A bale of hay

I’d just said to the Sage that I was going to get changed, ready to leave at 6 o’clock to meet my friends for dinner, when the phone rang.  It was Al.

He’d been out to check the bees and found that a swarm was clinging on to one of the hives.

He knew they were about to swarm so had split them already – an artificial swarm, that is, you bamboozle them into believing that they have swarmed and, among the ones left behind (the queen and half the bees take half the food with them to set up a new home, leaving queen larvae and enough workers and food to keep the colony going) the new queen will hatch, fly, mate and return to the hive to spend the rest of her life laying eggs. Evidently, they had not been deceived.

By the way, Blue Witch, I’m sure this is only vaguely connected to the actual process, but bear in mind I don’t really know what I’m talking about. I’m not the beekeeper of the family.

He was wanting the Sage to babysit while he and Dilly went and dealt with the swarm, but he soon realised that it wasn’t going to be easy. The bees were all over the back of the hive with the queen somewhere in the middle and they were going to have to be coaxed into a new home. So he got in the car and drove off to Pob in Boringland to ask his advice. Pob lent him another hive and some tools to help and back he came.

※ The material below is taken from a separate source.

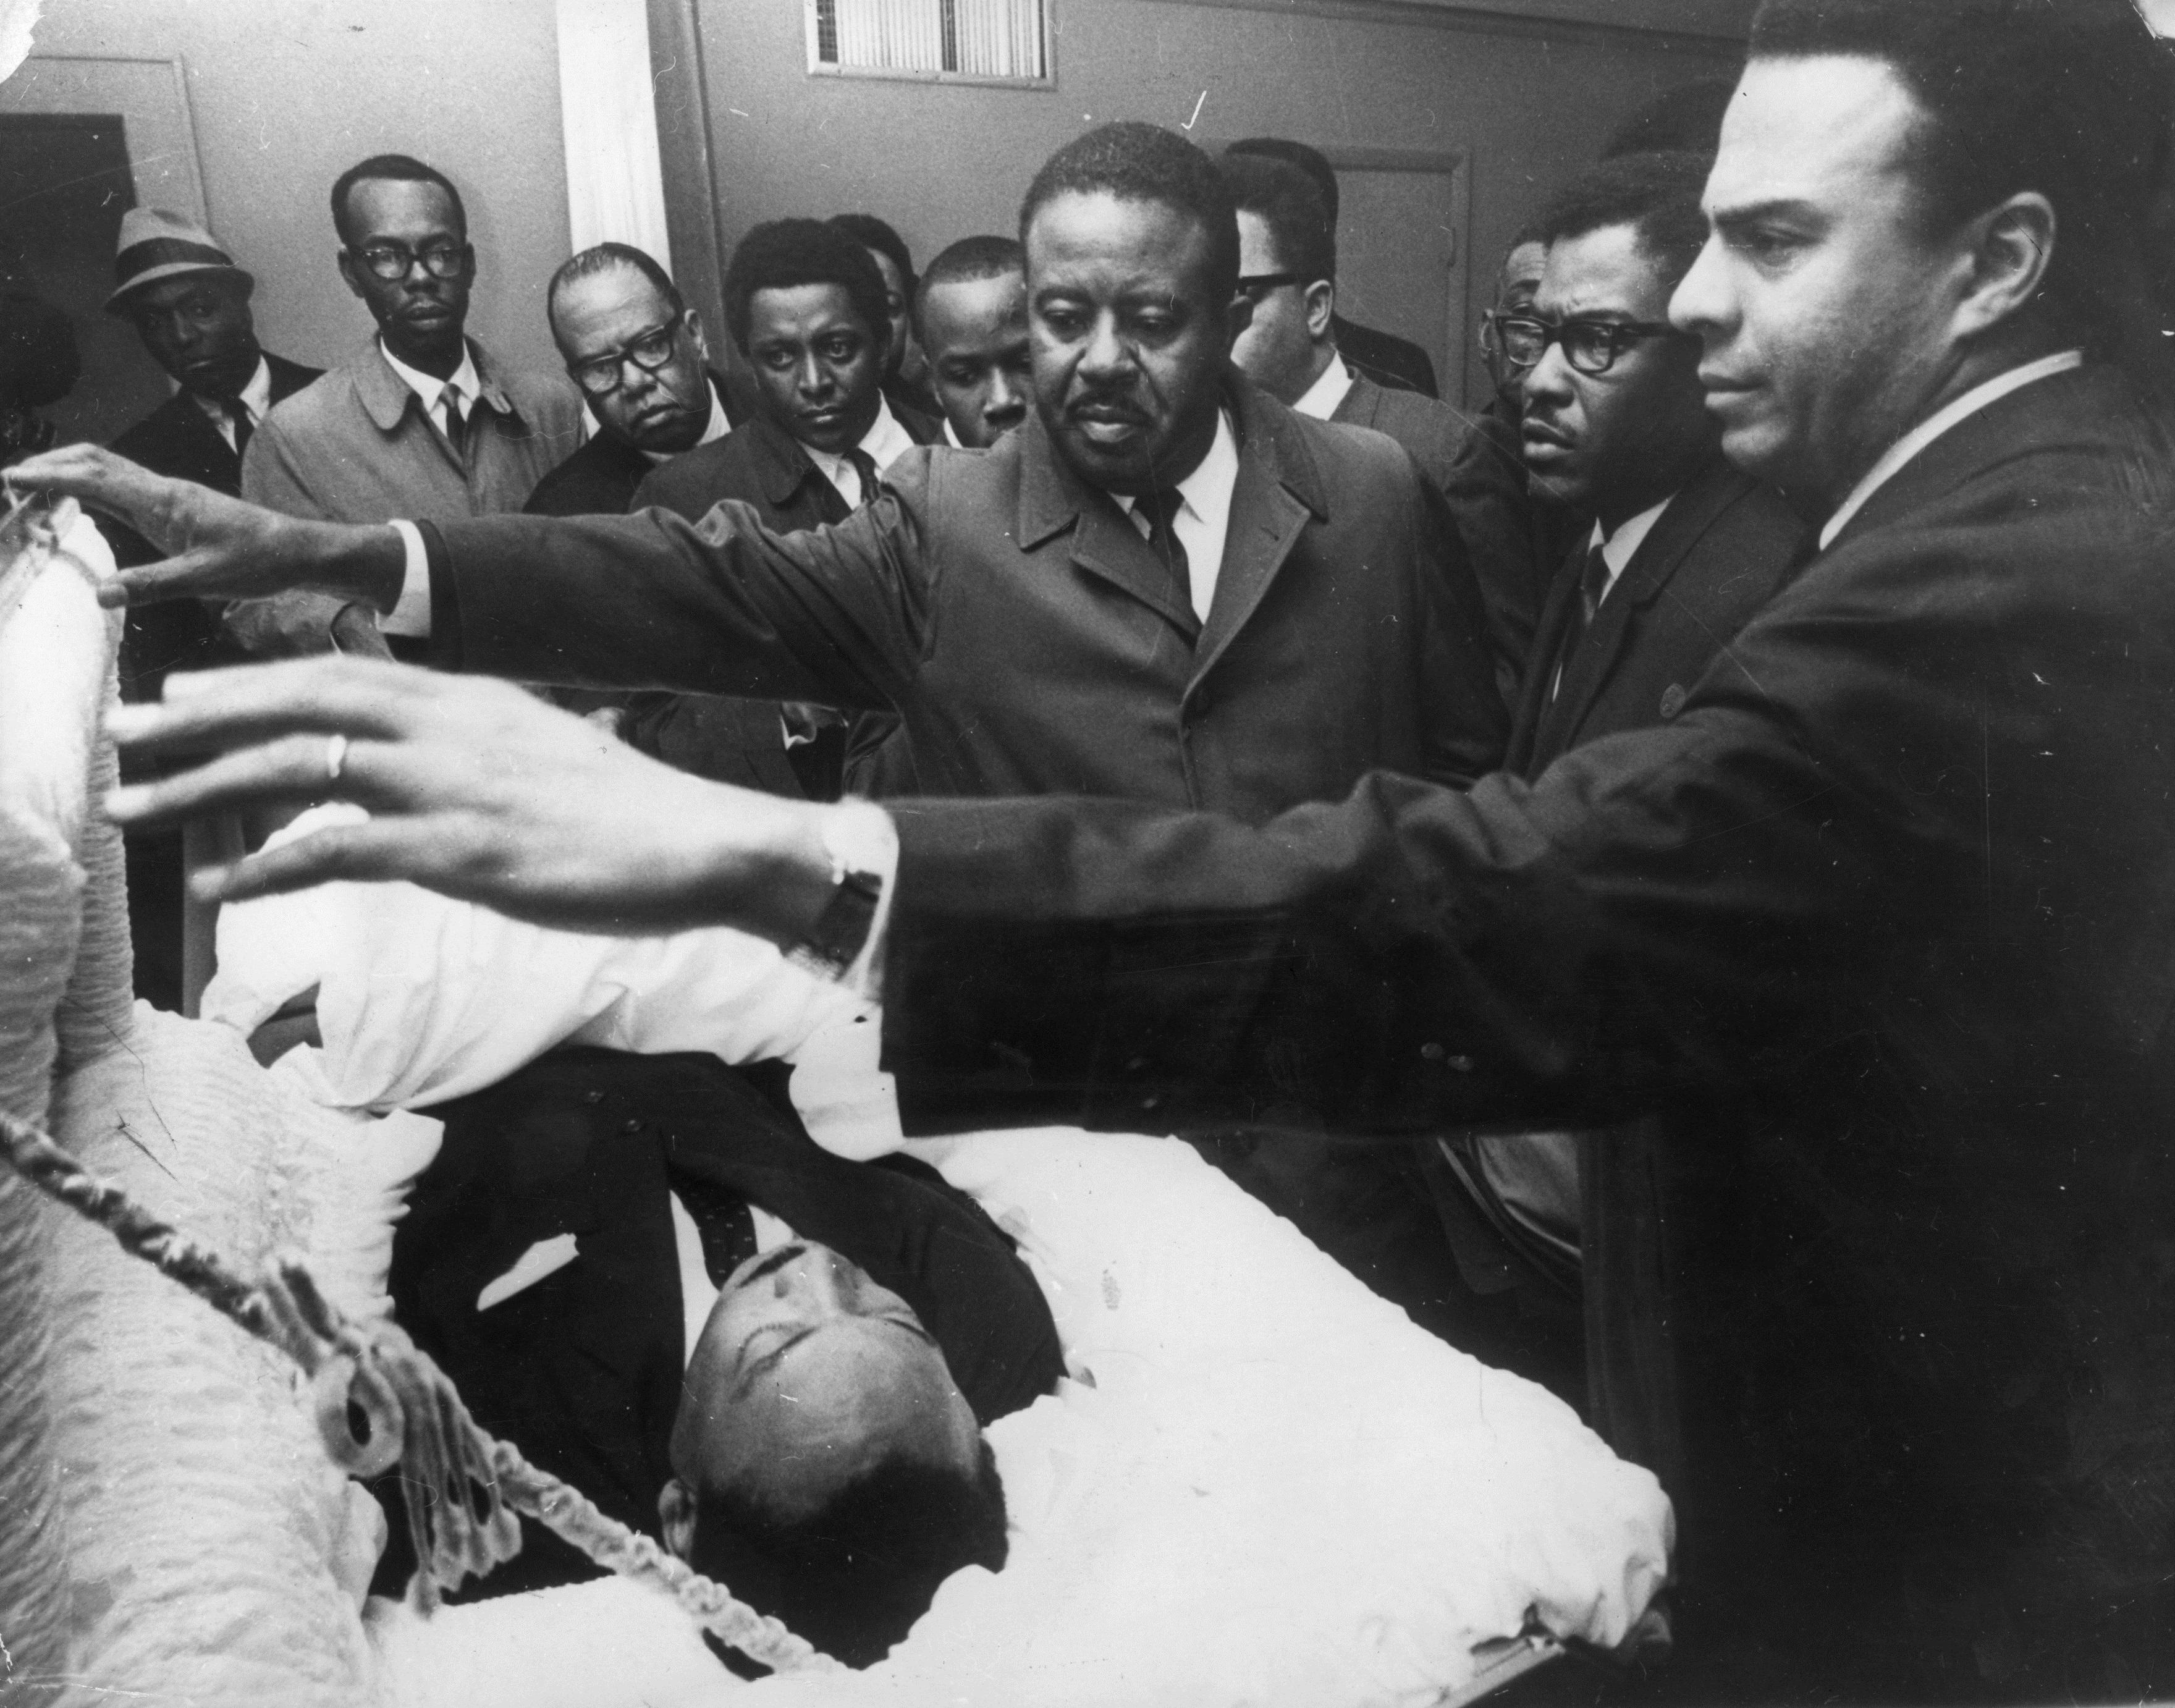 На 4 април 1968 г. Мартин Лутър Кинг е застрелян, докато стои на балкон в мотел Лорейн в Мемфис, Тенеси. Чува се изстрел, един куршум влиза през дясната му буза, разбива челюстта, поврежда гръбначния стълб и засяда в рамото. Убийството му се посреща с вълна от бунтове в повече от 60 града в САЩ. Пет дни по-късно президентът Линдън Джонсън обявява национален траур. Мартин Лутър Кинг е първият чернокож, за когото се обявява национален траур в САЩ. 300 000 симпатизанти присъстват на погребението му.

In the meantime, of course, I’d been out to have a look but then had to leave for my evening out.

The other thing is that Al didn’t know which colony had swarmed. It was probably one of the established queens, but occasionally a left-behind colony will swarm – this is beyond even my vague understanding so I won’t try to explain – anyway, it could have been any one of the five, three of which are presently hatching out new queens (or two of them, anyway) and mustn’t be disturbed. And evening was drawing on and the swarm might take off at any time to find a refuge before the air chilled. If they flew before he returned, nothing could be done.

Anyway, I got back just before 10 o’clock and hurried indoors. “Did they catch the bees?” I demanded. They did, said the Sage, and have put them in the hive lent by Pob (who is a long established beekeeper with a hundred or a hundred and fifty – can’t remember – hives and provides all the honey for Al’s shop.

The title of the post is from the rhyme
A swarm of bees in May is worth a bale of hay.
A swarm of bees in June is worth a silver spoon.
A swarm of bees in July isn’t worth a fly.

Mind you, it’s not that Al has gained any bees, just that he hopes not to have lost any. All he’s gained are some grey hairs and some more worry lines.